Monday, October 14, 2019

Meeting the daughter of a legend



By Shevlin Sebastian 

Photos: Debika Sen (extreme left); Mihir Sen 

One day, at artist Sasi Warrier’s studio, I met a group of lively American women travel writers who were on a tour of South India. Shepherding the group was Debika Sen, a California-based tour manager. When I heard the surname, I correctly assumed Debika of being a Bengali. We started chatting in Bengali. I am a Malayali who grew up in Kolkata and now lives in Kochi as a journalist. 

As for Debika, she is of mixed parentage. While her father was Bengali her mother, Bella, was of British-Jewish origin. “They met and fell in love when my father went to study in England,” she said. 

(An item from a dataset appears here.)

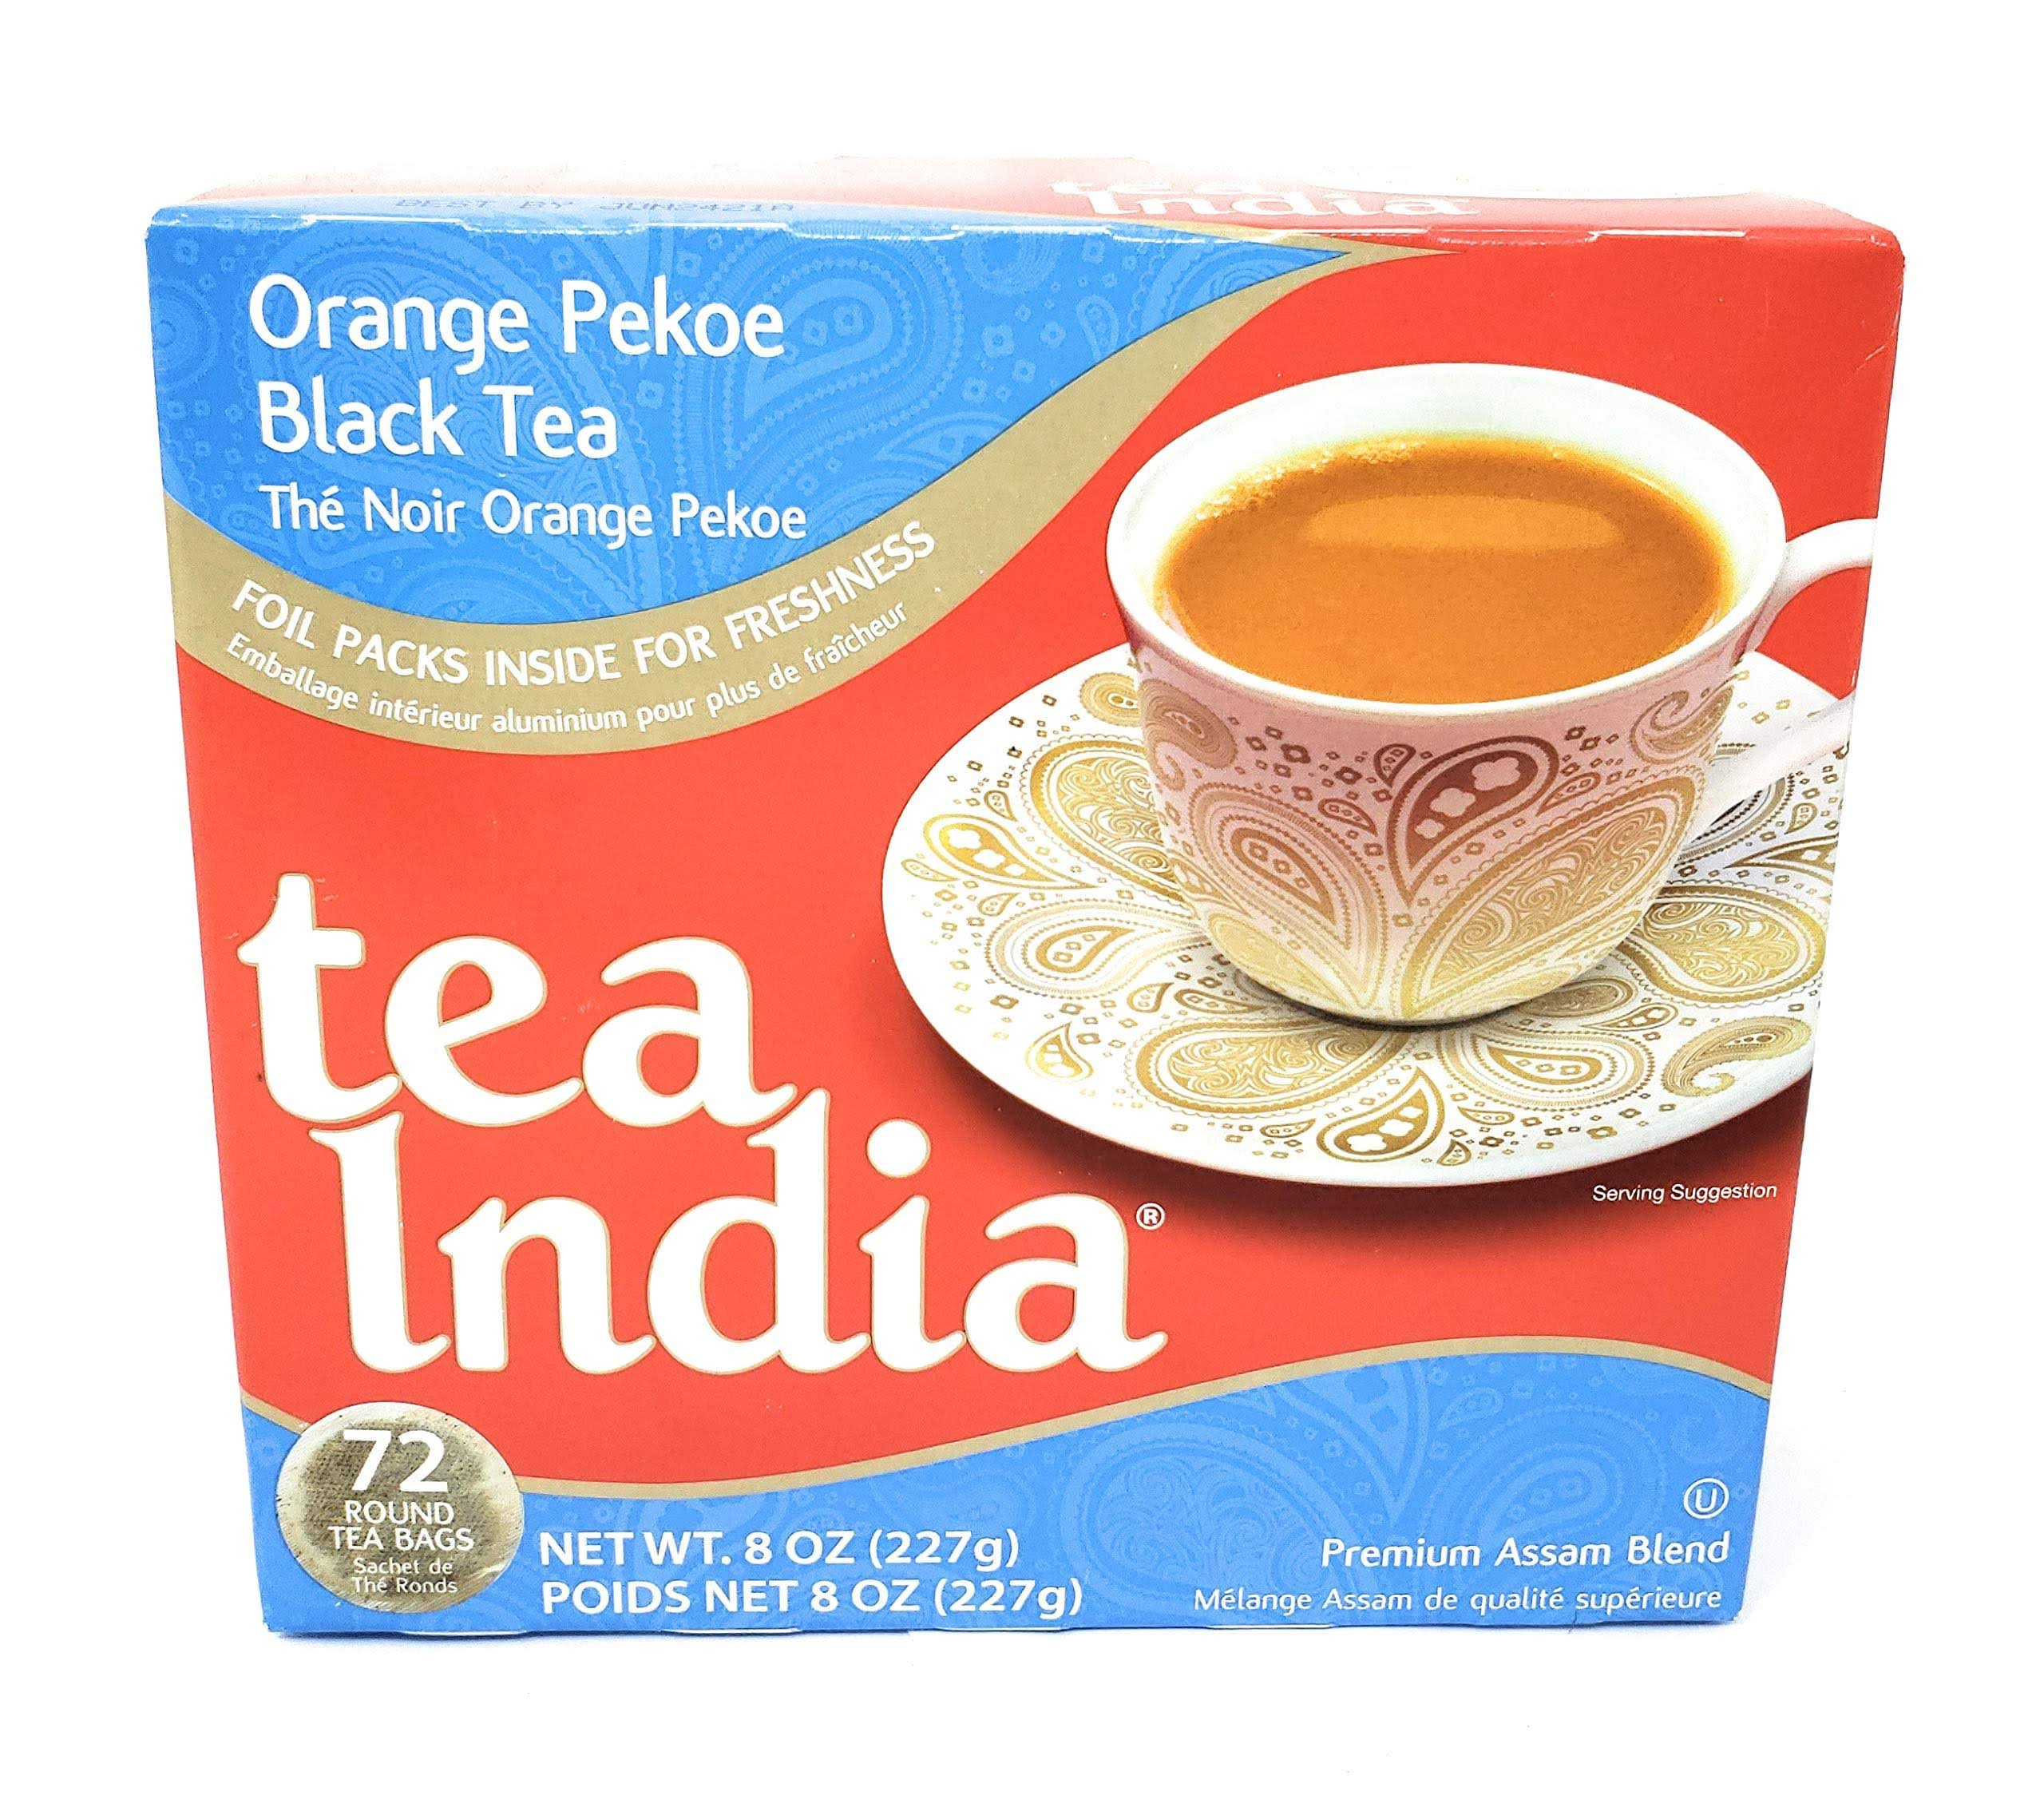 Tea India Orange Pekoe Black Tea Bags

During our conversation, Debika suddenly said, “You might have heard of my father.” 

Then she paused and said, “His name is Mihir Sen.” 

I got a shock when she said that. Sen was one of India’s greatest long-distance swimmers. He was the first Indian to swim across the English Channel in 1958, and also set a world record by swimming in oceans in five continents during a calendar year (1966). These included the Palk Straits, the Straits of Gibraltar, the Bosporus, the Dardanelles and the length of the Panama Canal. He had famously said, “I wanted to prove to the world that Indians are not afraid.” In 1967, he was awarded the Padma Bhushan. 

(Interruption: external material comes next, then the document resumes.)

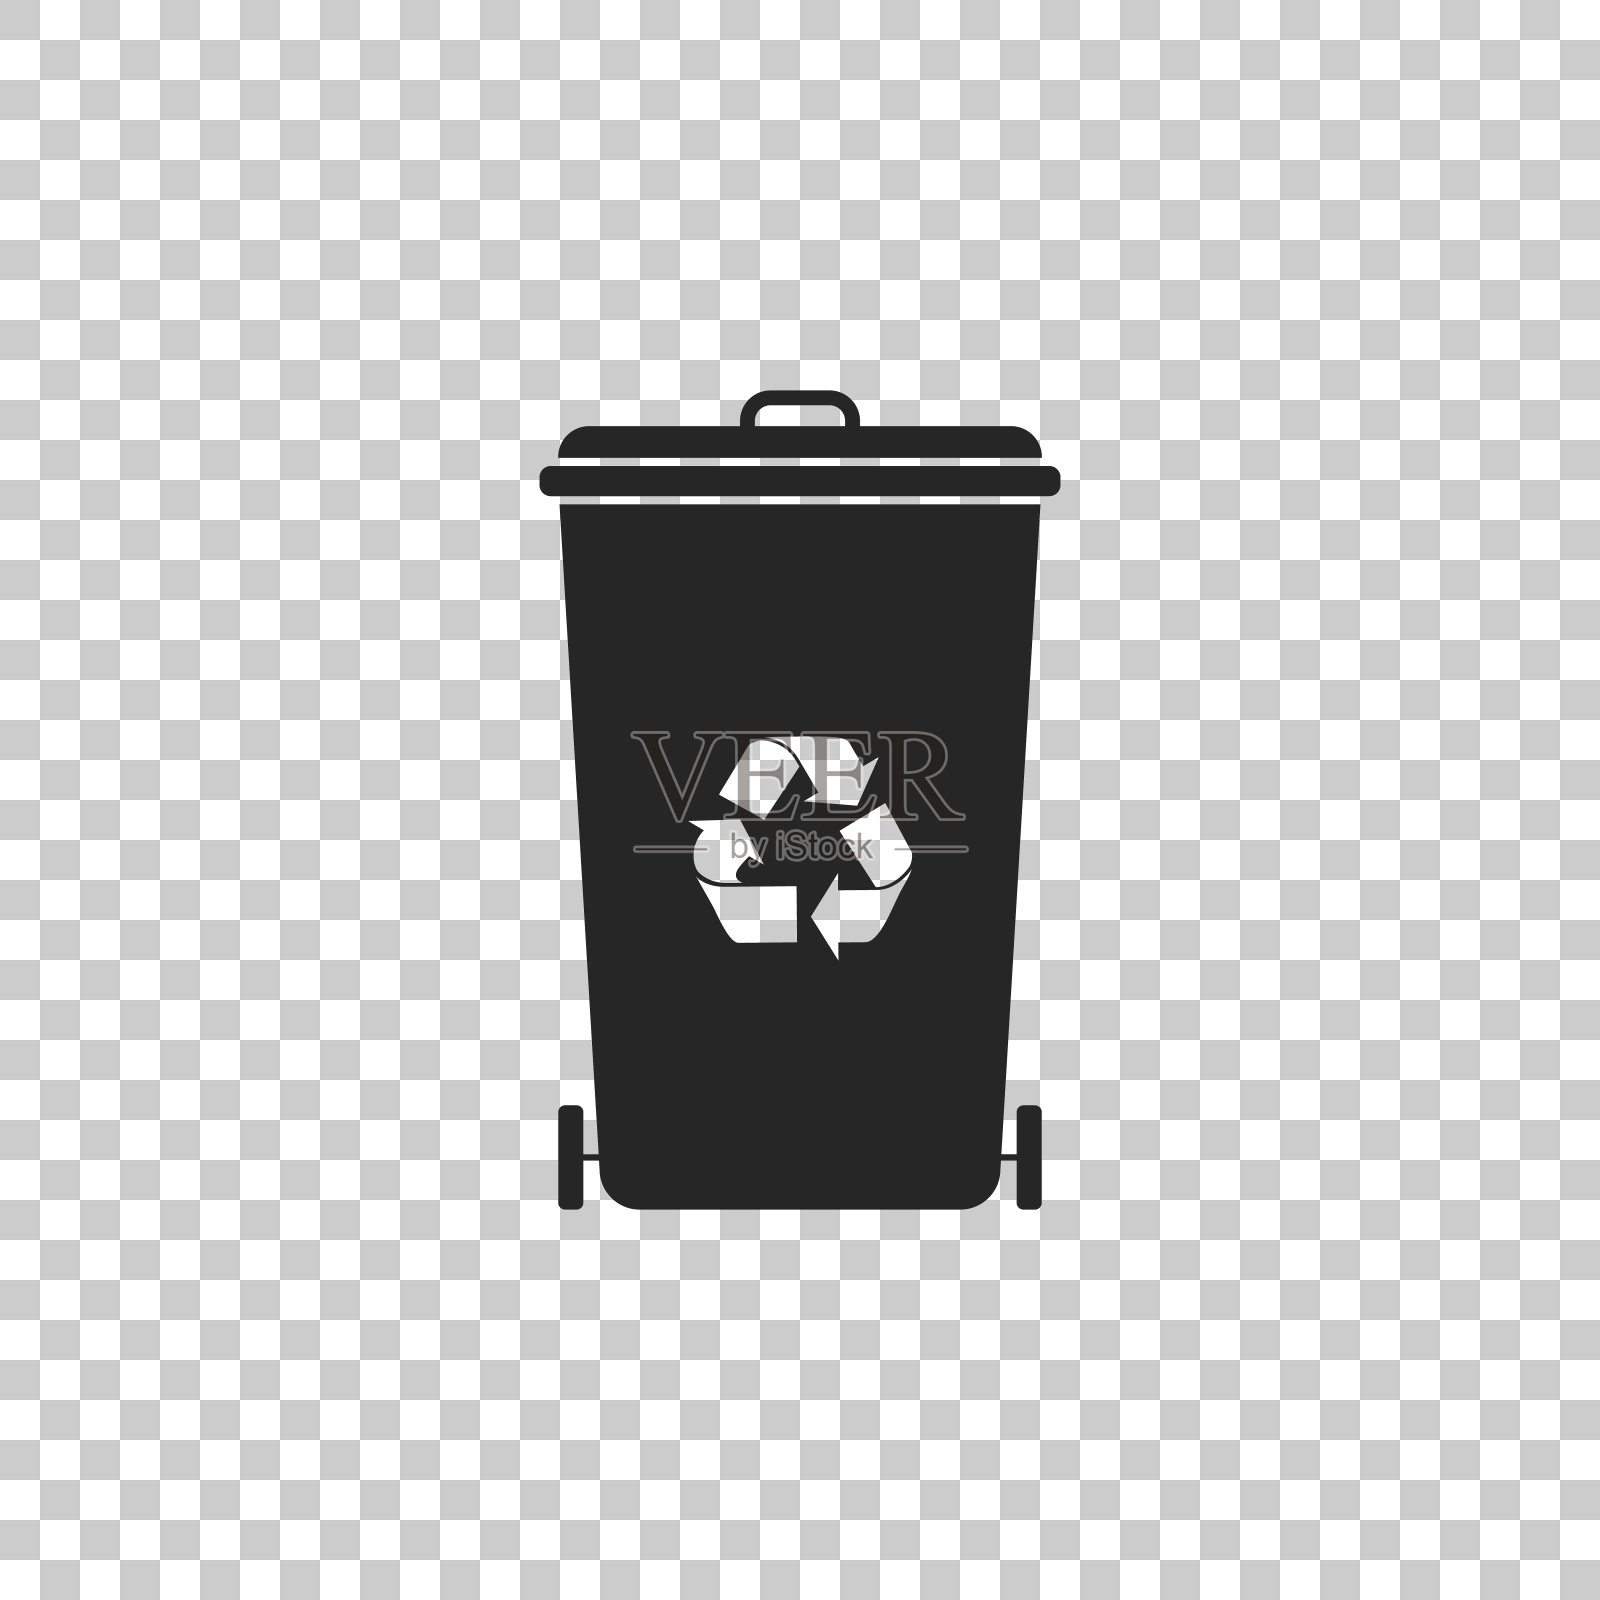 回收站与回收符号图标隔离在透明的背景。垃圾桶图标。垃圾桶的迹象。回收篮图标。平面设计。矢量图图标素材

At that time, while working for a national sports magazine, at Kolkata, I had written articles about Sen. One was a seven-page feature called ‘Marathon Man’ in 1988. Then, in 1991, when he suffered from Alzheimer's Disease, and lost his memory, I had written another one called ‘Man Without A Past’. 

I told Debika about how I had spent time with Sen, at his office, home and during a photo shoot at the National Library. Her eyes filled up and she said, “It’s such a small world.”

But Debika also told me something that I had long forgotten. Sen had a flourishing garment factory and was wealthy. However, one day, in 1977, politician Jyoti Basu called him and asked him to campaign on behalf of the Communist party for the Assembly elections. Sen declined by saying he was a capitalist. That did not go down well with Basu. 

Soon, labour problems began to crop up in his factory. It eventually devastated Sen’s business. He became bankrupt. The stress became too much to bear. Sen developed dementia. And on June 11, 1997, he died at the age of 66. As for Bella, according to Debika, she died of a ‘broken heart’ five years later.

It was all so sad to hear. What to make of life? So many tragedies take place all the time. And, mostly, all this happens to good people, while the bad go karma-free. Does God exist? Or is He maya (an illusion)?

(Published as a middle in The New Indian Express, South Indian editions and The Morning Standard, New Delhi)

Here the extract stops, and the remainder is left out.